Work required:
Starting with the line that has "Barcelona, Spain. 29th" in the records below and stopping after the line that has "Lyle & Scott", output every line exactly and nothing else; skip pictures.

Exercise input:
####

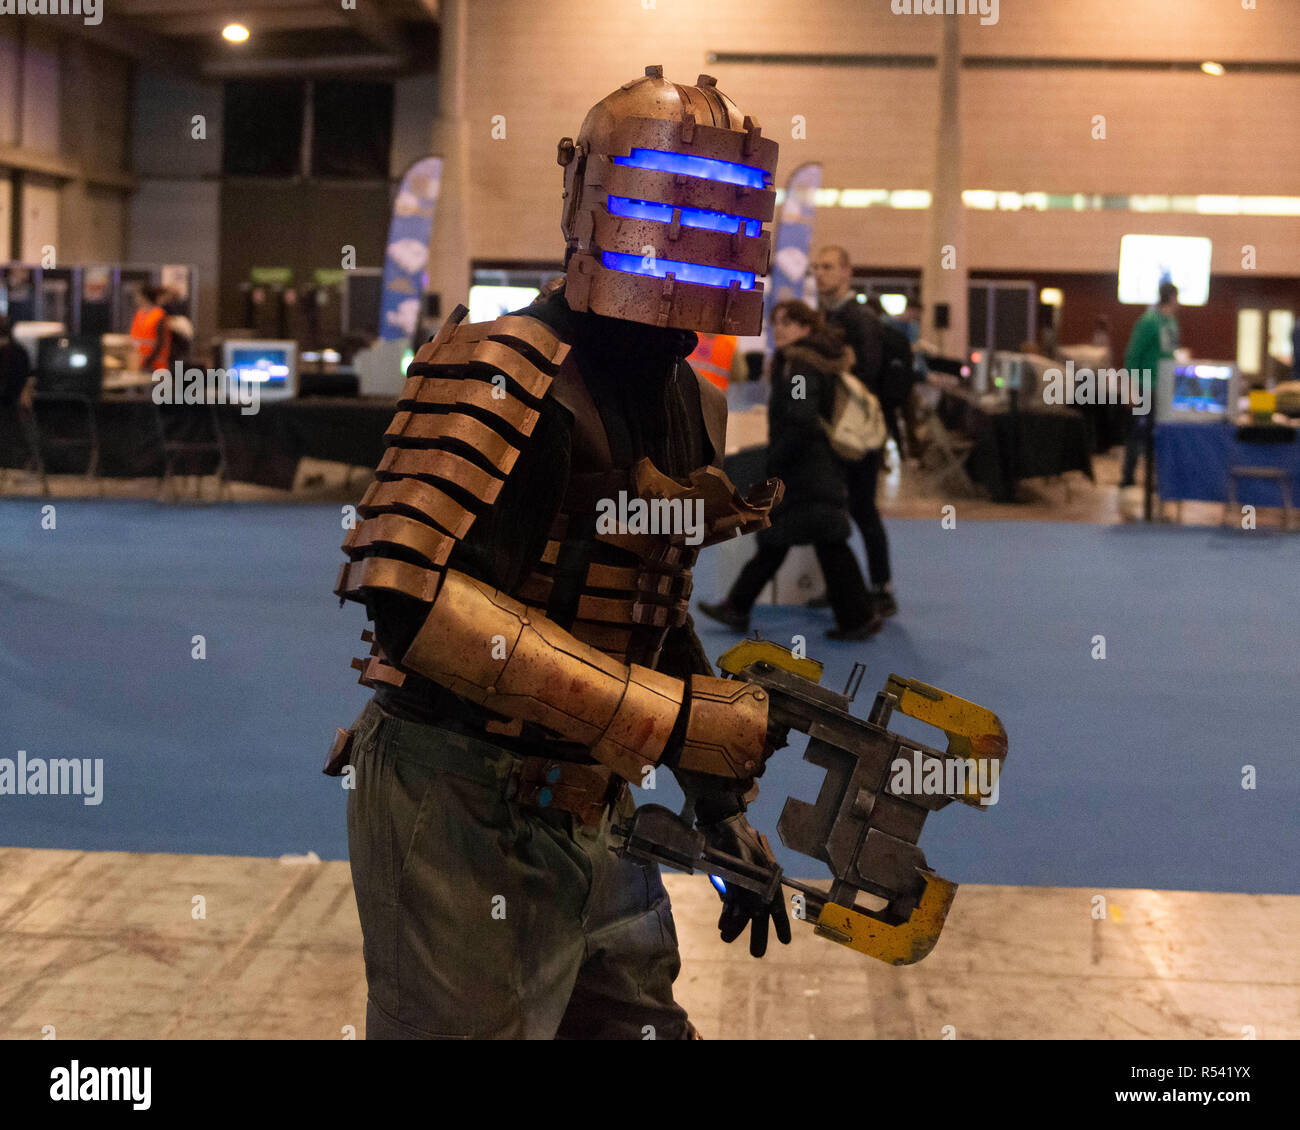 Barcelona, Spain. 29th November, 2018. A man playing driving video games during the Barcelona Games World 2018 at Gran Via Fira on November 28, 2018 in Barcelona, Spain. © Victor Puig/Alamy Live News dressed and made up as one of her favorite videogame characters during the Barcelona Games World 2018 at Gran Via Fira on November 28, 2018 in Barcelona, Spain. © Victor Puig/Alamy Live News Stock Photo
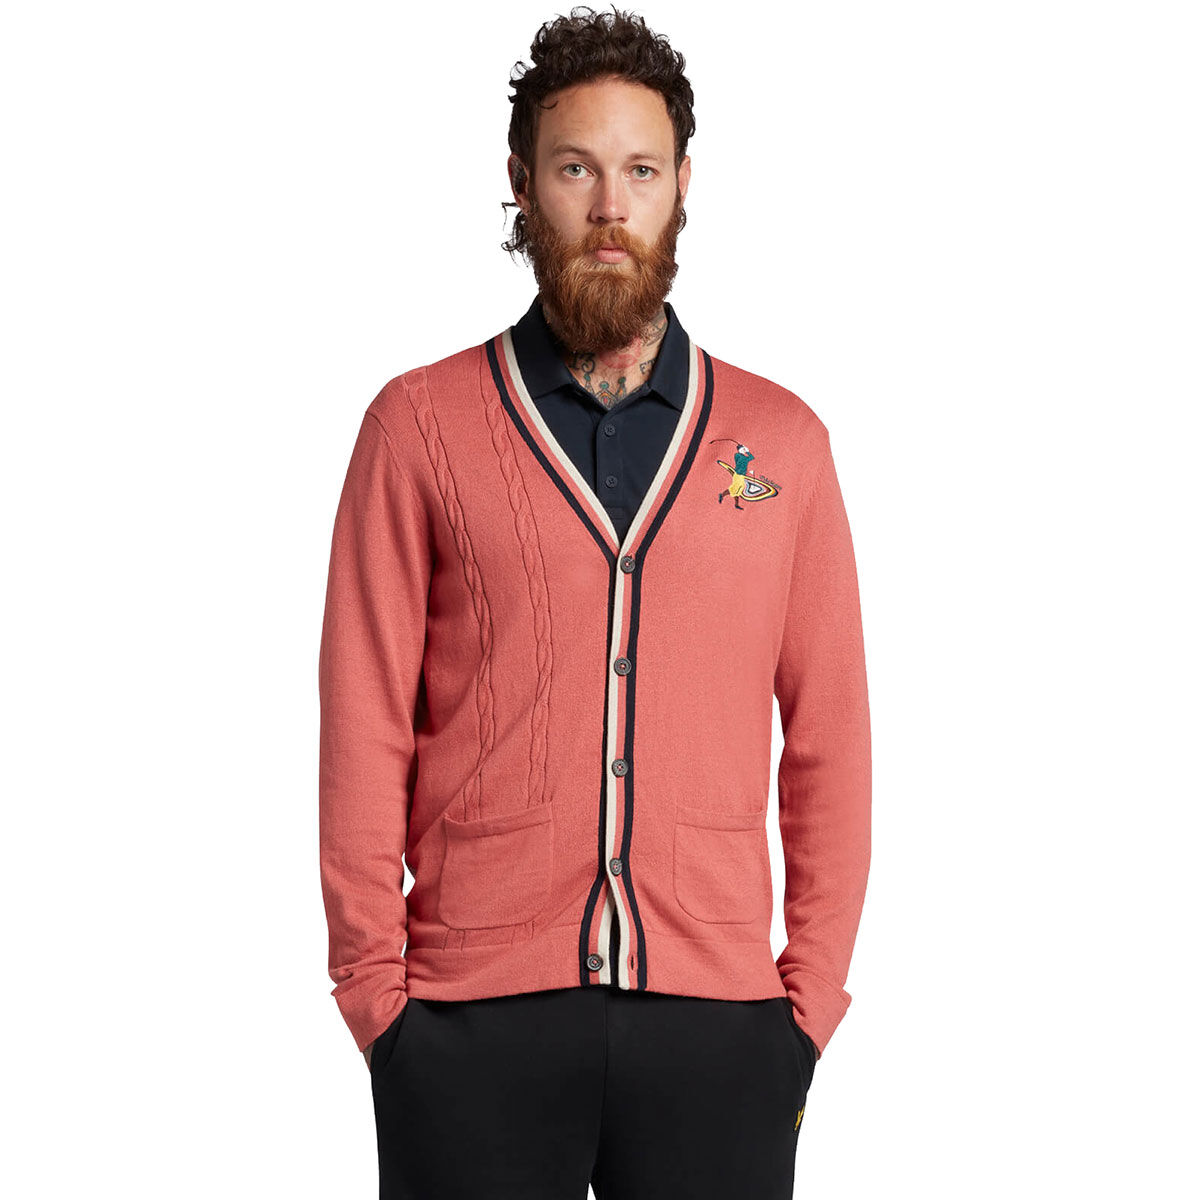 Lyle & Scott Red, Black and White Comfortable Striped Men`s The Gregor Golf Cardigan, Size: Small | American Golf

####

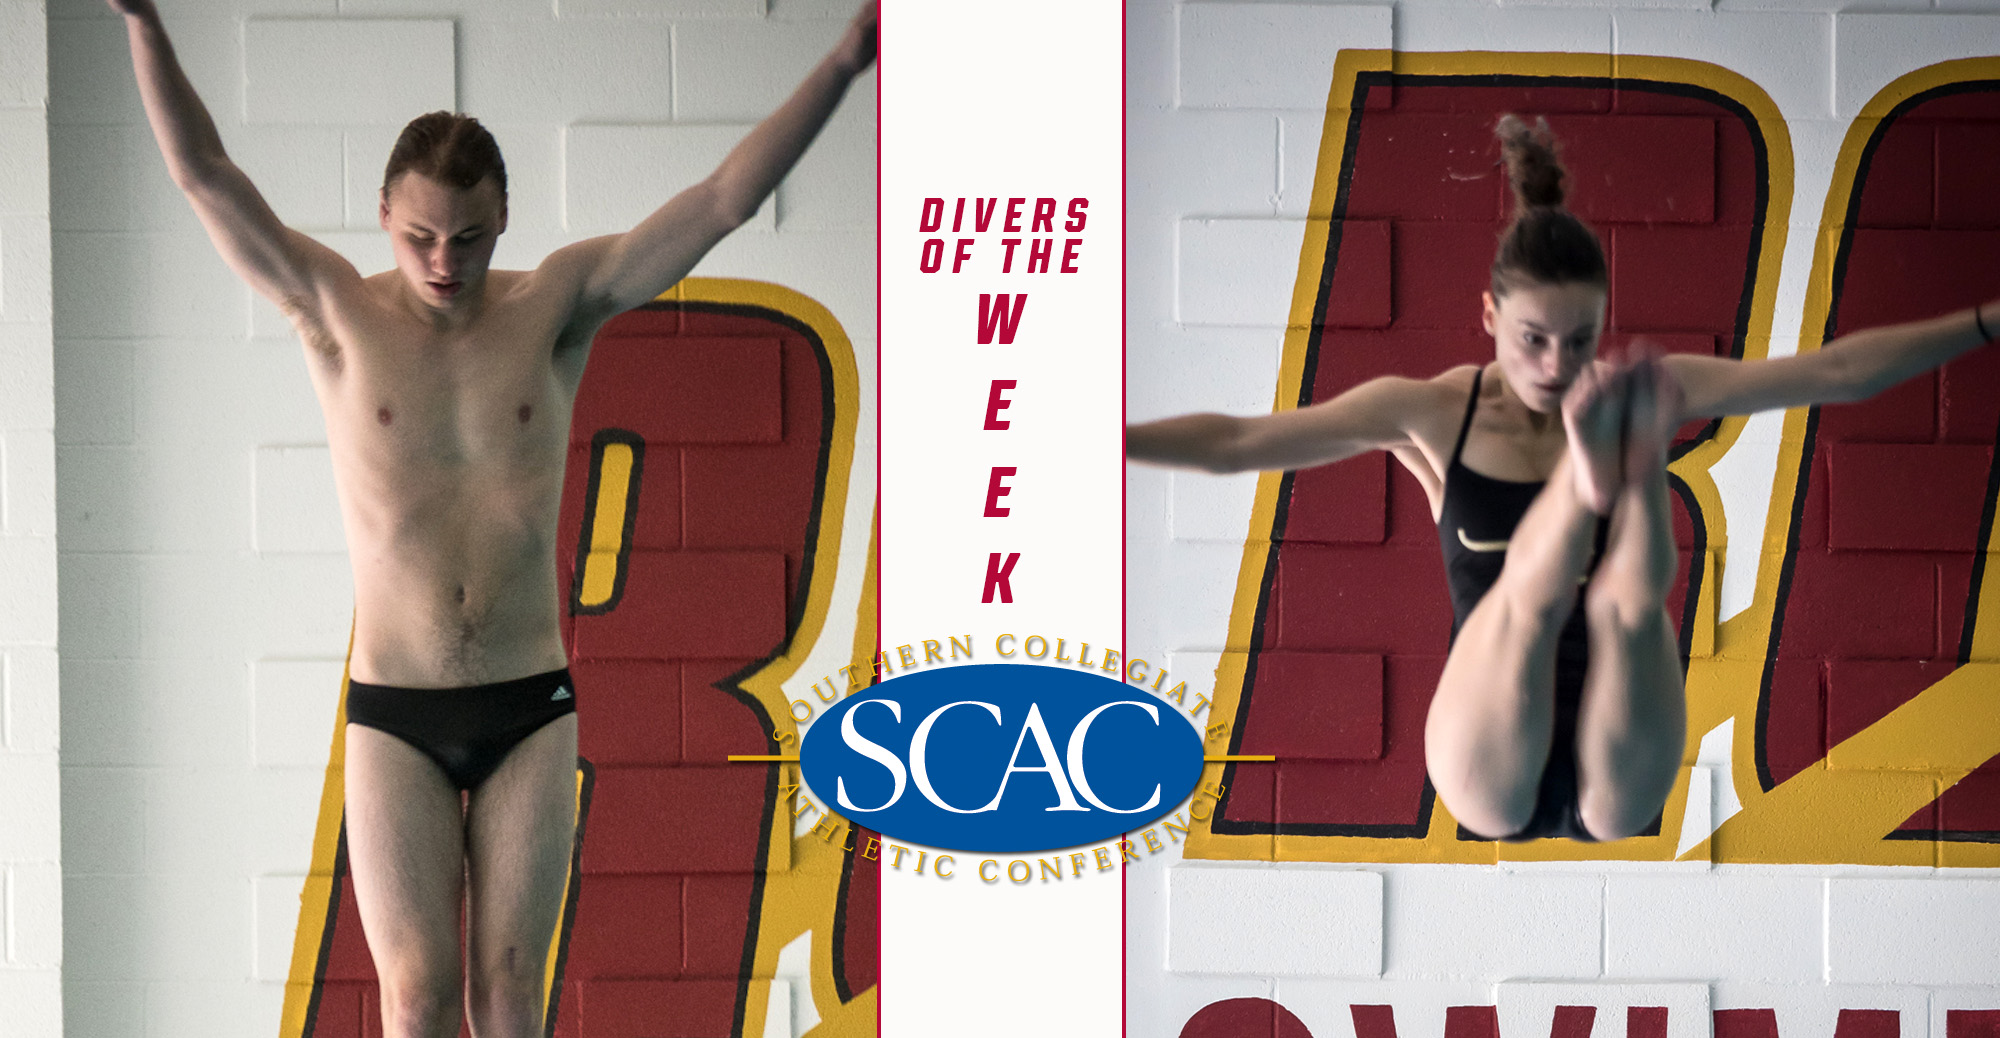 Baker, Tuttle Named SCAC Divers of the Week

####

Your solution:
 Barcelona, Spain. 29th November, 2018. A man playing driving video games during the Barcelona Games World 2018 at Gran Via Fira on November 28, 2018 in Barcelona, Spain. © Victor Puig/Alamy Live News dressed and made up as one of her favorite videogame characters during the Barcelona Games World 2018 at Gran Via Fira on November 28, 2018 in Barcelona, Spain. © Victor Puig/Alamy Live News Stock Photo
 Lyle & Scott Red, Black and White Comfortable Striped Men`s The Gregor Golf Cardigan, Size: Small | American Golf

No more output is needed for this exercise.